There are three types of second moment reported in Table 1. Two apply complex integration to the spectral density of the relevant model. One involves a forecast error variance, from an infinite lag VAR.

 

Following is a very simple routine for computing the variance of hours worked due to technology. In addition, the following simple code produces versions of Figure 1.

 

The MATLAB code is lowvariance.m

It is set to obtain results for two models, the CKM and the MLE model.

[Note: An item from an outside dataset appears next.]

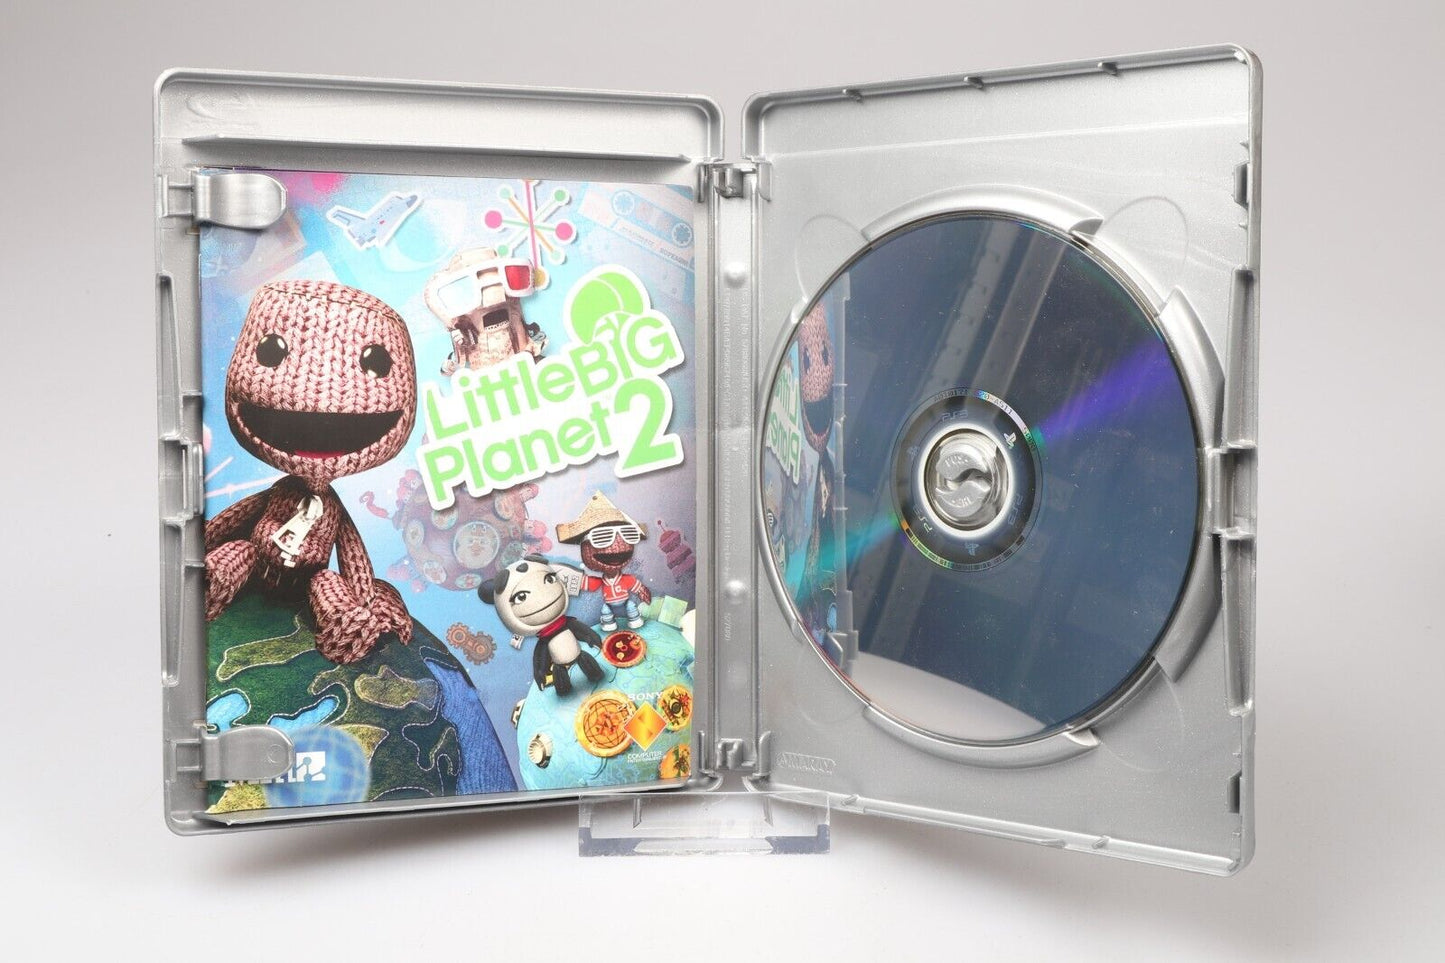 PS3 | LittleBigPlanet 2PL (PAL)

By setting the parameter, two, at the beginning of the program, you can determine whether you run the two-shock or the three-shock version of these models.

 

To obtain the one-step-ahead forecast error variance decomposition, you need to compute C*e(t), the one-step-ahead forecast error in the infinite VAR representation of the data associated with a particular model. Here, e(t) is a column vector of fundamental shocks with zero mean and unit variance, and C is a matrix. The forecast error variance in hours worked corresponds to the second element of C*e(t).

 

To compute C, you can run smallsample.m. Parameters are set in paramsnew.m. Here, par=1 corresponds to two-shock mle, par=2 corresponds to two-shock CKM, par=3 corresponds to three-shock CKM, par=6 corresponds to three-shock MLE, par=13 corresponds to the infinite Frisch elasticity case, with high labor tax shock. To make the model nonrecursive, go to line 16 in smallsample.m and make sure it is not commented out. When it is commented out, we have the recursive version of the model. Execute smallsample.m to line 49, and the C matrix is what is put out by sargentvillaverde.m. You can execute the code down line 76, to see various checks done on C.